[Exercise directions]: Each line below either holds the string "Ceremony" or doesn't. Count those that do and give only the number.

(Material supplied begins)

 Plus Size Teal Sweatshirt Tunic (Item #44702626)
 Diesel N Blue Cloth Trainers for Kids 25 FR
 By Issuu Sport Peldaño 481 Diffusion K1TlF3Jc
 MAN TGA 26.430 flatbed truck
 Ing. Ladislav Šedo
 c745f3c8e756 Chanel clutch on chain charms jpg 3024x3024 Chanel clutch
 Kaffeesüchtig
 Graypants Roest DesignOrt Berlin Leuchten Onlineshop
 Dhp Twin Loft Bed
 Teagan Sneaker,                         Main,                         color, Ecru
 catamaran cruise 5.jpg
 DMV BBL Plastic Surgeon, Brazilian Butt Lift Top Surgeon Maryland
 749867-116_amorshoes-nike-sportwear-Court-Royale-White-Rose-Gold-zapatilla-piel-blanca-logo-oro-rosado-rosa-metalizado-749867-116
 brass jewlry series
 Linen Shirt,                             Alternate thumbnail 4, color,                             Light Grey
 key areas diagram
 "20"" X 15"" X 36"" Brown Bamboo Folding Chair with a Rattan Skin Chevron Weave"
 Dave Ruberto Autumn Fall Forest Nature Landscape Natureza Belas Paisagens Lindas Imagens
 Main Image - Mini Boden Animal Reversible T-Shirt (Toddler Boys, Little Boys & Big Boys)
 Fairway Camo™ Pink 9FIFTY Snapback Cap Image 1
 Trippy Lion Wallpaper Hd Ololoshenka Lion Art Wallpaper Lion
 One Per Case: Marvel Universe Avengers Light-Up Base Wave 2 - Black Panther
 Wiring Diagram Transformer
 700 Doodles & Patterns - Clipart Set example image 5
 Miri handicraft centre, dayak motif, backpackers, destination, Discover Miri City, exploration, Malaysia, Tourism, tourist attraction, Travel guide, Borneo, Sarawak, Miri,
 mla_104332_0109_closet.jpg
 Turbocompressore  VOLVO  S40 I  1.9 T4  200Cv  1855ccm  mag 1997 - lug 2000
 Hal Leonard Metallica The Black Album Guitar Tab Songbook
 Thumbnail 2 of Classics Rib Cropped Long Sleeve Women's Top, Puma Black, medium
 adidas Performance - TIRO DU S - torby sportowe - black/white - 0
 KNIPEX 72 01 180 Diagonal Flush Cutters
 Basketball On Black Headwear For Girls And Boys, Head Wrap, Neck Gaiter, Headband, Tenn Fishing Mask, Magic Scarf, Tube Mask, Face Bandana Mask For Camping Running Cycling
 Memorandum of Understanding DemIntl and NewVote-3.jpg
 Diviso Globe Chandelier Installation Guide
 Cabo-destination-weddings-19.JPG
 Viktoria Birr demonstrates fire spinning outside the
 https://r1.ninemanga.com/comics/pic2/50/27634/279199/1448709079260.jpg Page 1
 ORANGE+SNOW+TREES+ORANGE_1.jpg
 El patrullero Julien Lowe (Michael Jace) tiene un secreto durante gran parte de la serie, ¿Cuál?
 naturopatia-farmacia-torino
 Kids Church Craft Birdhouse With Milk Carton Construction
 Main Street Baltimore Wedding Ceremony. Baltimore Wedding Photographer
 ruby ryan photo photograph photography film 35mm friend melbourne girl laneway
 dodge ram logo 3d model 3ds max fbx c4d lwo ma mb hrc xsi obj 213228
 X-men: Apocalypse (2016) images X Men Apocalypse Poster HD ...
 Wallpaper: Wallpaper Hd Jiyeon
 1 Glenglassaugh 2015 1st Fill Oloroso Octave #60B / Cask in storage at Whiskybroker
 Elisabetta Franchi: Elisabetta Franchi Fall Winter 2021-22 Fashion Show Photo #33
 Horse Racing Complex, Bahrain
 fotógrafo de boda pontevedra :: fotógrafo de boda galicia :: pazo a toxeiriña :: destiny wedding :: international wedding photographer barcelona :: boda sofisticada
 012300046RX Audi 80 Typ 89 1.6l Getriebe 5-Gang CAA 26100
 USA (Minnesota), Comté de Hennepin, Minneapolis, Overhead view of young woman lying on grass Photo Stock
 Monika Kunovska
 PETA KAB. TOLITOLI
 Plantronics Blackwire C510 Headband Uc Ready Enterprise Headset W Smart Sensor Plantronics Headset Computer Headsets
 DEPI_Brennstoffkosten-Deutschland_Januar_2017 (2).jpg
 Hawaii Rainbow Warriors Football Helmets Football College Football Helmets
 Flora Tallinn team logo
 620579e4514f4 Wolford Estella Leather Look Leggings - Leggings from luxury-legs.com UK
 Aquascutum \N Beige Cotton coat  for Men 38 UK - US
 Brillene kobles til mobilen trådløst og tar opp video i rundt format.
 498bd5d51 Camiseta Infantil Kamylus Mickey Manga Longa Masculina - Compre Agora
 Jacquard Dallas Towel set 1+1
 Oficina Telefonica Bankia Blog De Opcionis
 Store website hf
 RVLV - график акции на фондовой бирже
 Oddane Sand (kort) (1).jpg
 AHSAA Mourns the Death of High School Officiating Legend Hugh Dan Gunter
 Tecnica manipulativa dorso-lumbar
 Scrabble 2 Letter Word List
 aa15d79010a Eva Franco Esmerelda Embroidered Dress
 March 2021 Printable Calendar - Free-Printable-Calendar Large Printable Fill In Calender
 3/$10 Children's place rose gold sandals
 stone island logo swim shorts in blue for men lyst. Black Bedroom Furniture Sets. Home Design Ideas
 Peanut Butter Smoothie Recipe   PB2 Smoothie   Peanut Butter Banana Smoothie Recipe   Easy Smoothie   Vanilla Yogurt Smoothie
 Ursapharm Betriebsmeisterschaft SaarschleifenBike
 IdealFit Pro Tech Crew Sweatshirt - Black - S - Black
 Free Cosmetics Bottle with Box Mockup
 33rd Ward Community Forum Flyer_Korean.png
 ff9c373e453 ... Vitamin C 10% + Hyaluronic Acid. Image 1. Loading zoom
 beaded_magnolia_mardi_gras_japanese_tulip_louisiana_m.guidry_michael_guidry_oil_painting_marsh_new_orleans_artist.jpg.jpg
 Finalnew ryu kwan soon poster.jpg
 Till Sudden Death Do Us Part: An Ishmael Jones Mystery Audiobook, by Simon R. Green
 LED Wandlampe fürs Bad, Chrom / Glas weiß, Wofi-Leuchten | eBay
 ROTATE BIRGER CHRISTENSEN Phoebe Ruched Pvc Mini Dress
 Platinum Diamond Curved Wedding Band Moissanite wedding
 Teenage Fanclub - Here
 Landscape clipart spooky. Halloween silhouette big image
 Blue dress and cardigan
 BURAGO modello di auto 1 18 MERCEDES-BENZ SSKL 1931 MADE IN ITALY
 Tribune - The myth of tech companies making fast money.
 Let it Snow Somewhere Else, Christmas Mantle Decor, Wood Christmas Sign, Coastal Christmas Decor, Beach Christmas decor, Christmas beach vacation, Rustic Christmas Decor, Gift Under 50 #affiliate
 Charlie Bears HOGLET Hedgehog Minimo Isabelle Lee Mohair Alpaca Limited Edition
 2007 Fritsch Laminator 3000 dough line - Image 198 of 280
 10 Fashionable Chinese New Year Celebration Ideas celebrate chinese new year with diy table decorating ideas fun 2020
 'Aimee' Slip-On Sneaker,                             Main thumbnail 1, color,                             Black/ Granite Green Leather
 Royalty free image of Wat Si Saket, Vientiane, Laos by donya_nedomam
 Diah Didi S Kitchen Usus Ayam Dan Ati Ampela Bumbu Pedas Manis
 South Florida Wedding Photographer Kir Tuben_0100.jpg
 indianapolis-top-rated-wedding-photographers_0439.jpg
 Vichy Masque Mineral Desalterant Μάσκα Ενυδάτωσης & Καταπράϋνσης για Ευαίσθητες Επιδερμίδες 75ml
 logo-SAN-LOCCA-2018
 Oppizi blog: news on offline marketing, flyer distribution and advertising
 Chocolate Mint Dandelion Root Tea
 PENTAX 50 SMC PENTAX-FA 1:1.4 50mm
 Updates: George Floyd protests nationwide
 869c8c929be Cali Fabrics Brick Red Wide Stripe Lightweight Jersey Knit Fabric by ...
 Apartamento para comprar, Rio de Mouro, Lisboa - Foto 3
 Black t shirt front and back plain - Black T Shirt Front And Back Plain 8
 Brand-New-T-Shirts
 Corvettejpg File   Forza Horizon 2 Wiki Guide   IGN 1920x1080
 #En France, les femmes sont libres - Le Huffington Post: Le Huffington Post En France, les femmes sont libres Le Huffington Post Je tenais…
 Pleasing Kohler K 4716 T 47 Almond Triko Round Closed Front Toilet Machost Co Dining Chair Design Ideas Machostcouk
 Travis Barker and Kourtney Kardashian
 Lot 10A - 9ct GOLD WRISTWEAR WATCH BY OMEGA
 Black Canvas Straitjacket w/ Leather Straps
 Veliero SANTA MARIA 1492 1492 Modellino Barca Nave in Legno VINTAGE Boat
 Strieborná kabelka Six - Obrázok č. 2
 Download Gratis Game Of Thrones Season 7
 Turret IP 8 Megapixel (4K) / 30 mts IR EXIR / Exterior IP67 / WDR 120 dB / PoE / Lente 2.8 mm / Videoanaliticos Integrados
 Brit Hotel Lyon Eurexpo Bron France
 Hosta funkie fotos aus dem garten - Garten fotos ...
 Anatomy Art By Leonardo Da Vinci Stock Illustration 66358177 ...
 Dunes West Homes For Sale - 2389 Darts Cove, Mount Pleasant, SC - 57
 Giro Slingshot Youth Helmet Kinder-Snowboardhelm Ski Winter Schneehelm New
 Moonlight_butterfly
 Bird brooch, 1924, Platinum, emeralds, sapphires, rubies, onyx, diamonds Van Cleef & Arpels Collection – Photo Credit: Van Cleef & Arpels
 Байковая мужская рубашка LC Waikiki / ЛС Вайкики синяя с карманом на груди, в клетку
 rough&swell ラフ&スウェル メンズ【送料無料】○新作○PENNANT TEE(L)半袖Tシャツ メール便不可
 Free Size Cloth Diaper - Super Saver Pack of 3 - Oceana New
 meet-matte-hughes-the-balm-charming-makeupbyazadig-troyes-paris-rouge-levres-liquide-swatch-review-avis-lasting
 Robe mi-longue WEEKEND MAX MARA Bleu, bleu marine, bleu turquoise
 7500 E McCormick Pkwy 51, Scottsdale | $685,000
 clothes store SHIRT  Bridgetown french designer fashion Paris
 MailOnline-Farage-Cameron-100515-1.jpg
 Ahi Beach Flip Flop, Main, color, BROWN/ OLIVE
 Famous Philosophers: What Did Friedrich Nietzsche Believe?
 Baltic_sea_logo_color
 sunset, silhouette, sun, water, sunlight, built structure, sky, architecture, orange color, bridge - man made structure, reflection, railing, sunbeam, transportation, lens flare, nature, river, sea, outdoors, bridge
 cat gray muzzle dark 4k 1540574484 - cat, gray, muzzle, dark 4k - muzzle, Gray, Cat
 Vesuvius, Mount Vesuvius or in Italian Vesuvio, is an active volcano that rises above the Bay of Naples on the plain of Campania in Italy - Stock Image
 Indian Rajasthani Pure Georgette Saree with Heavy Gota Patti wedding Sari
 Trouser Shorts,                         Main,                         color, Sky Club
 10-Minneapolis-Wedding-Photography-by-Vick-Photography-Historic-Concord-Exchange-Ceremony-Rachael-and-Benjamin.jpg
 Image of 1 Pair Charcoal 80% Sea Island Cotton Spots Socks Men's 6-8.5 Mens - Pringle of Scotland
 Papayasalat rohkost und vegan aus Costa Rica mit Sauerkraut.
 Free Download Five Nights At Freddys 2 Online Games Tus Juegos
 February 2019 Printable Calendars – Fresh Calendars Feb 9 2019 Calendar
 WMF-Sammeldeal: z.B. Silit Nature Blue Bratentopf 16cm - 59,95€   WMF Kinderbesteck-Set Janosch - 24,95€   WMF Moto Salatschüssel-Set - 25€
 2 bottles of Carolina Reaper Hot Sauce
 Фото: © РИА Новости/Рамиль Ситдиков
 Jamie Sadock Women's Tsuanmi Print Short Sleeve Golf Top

(Material supplied ends)

[Exercise response]: 2